Obiora made his first-team debut in a UEFA Champions League match against Tottenham in London, coming on as a substitute for the injured Sulley Muntari in the 53rd minute.

Parma
After not making an impact at the Milan club, Nwankwo Obiora moved to Parma on 31 January 2011 in a co-ownership deal for €300,000. The deal was renewed in June 2011 and again in June 2012. He was loaned to Calcio Padova in 2012–13 season. Parma subsidized Padova for €200,000 in terms of premi di valorizzazione.

CFR Cluj
On 6 February 2013, Romanian champions CFR Cluj announced that they brought the midfielder on a temporary basis, with a buyout clause to make the move permanent in the summer.

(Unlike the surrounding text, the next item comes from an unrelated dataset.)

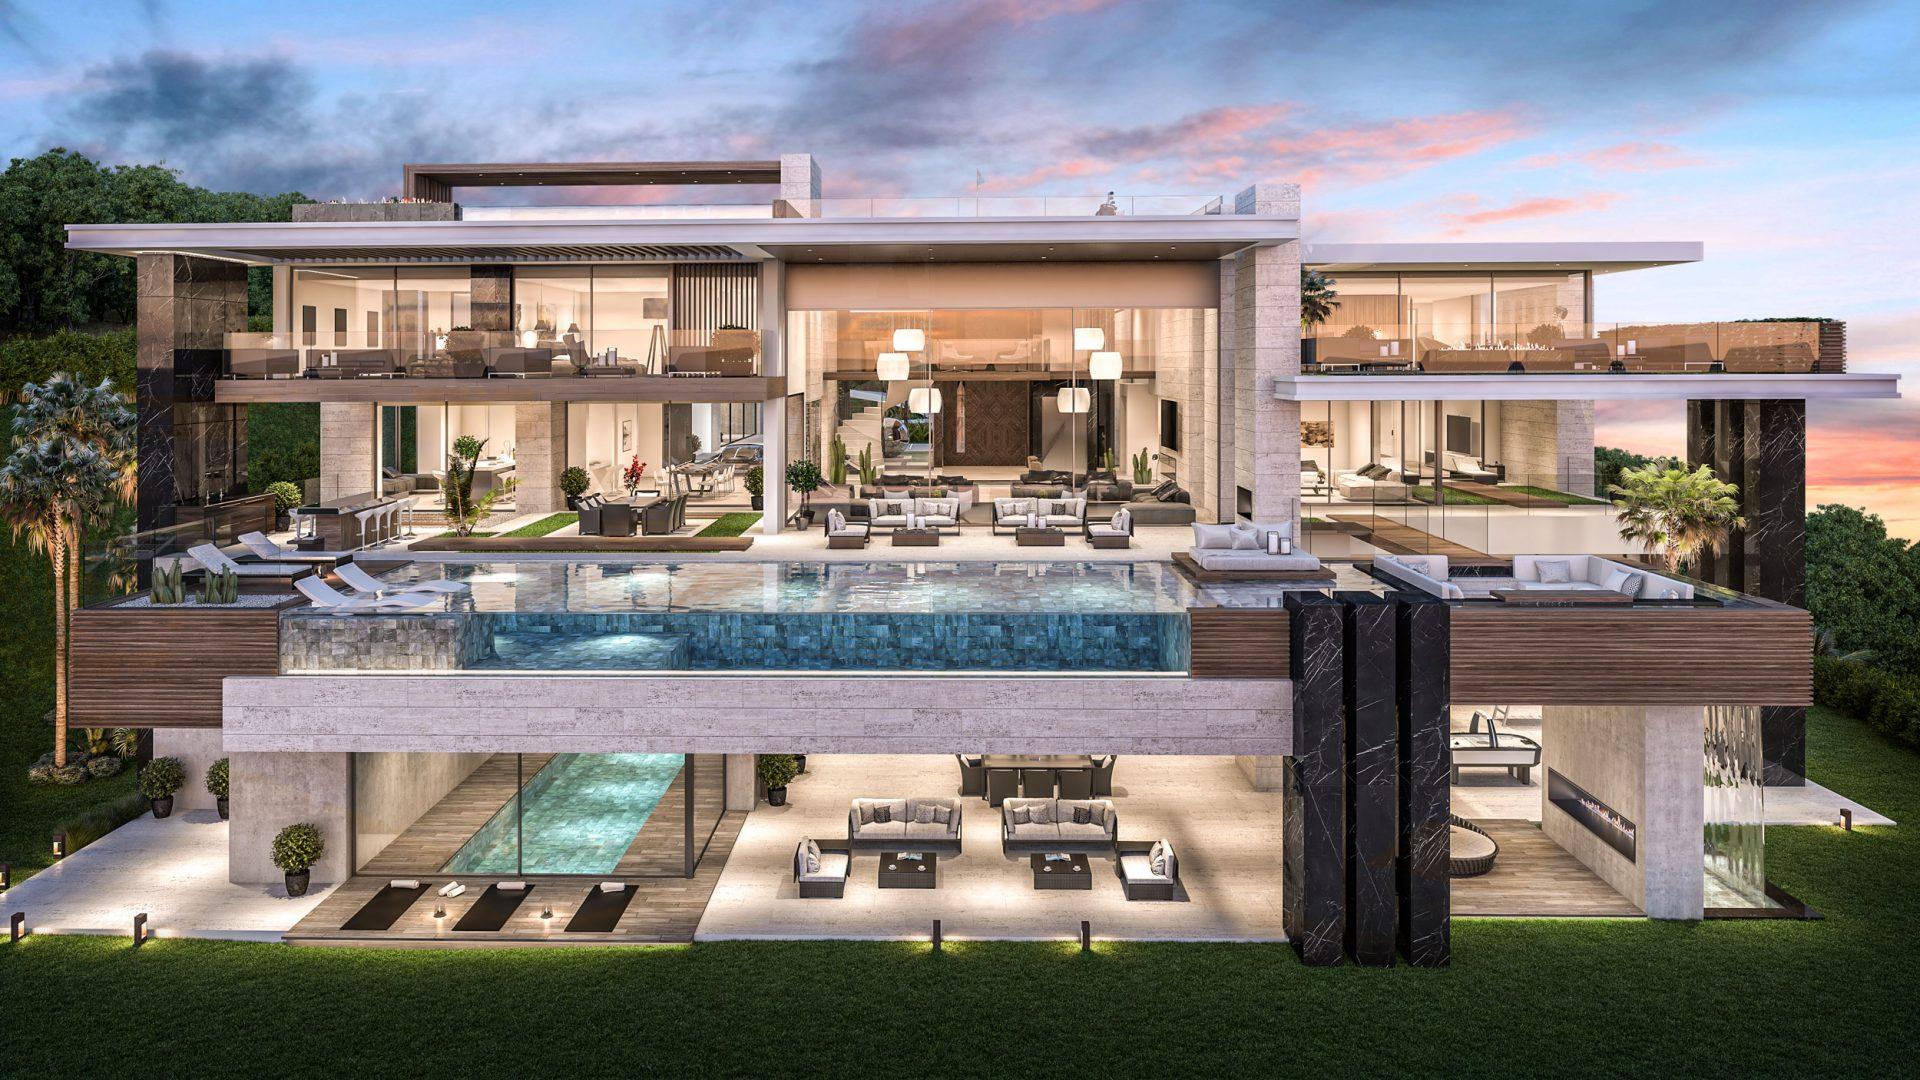 new-architecture-design-luxuryvilla-zagaleta-marbella-06

In June 2013 Parma also purchased the remain 50% registration rights of Nwankwo from Inter (as part of the return of Galimberti and Mella to Inter), in order to re-sell the registration rights to Cluj for free.

Académica
On 23 July 2014, after a small stint with Córdoba in Segunda División, Obiora signed a three-year deal with Primeira Liga side Académica de Coimbra. He made his debut in a 1–1 home draw against Sporting CP. Obiora scored his first goal for Académica on 1 November, in a 1–1 draw against Moreirense.

Levadiakos
On 15 September 2016, Levadiakos officially announced the signing of Nwankwo.

Boavista
He signed for Boavista for the 2018–19 season. In March 2019 he talked about how injuries had affected his earlier career.

International career
He was a member of the Nigeria U-20 squad which took part at the 2009 FIFA U-20 World Cup in Egypt, the 2009 WAFU U-20 Championship, and the 2009 African Youth Championship in Rwanda.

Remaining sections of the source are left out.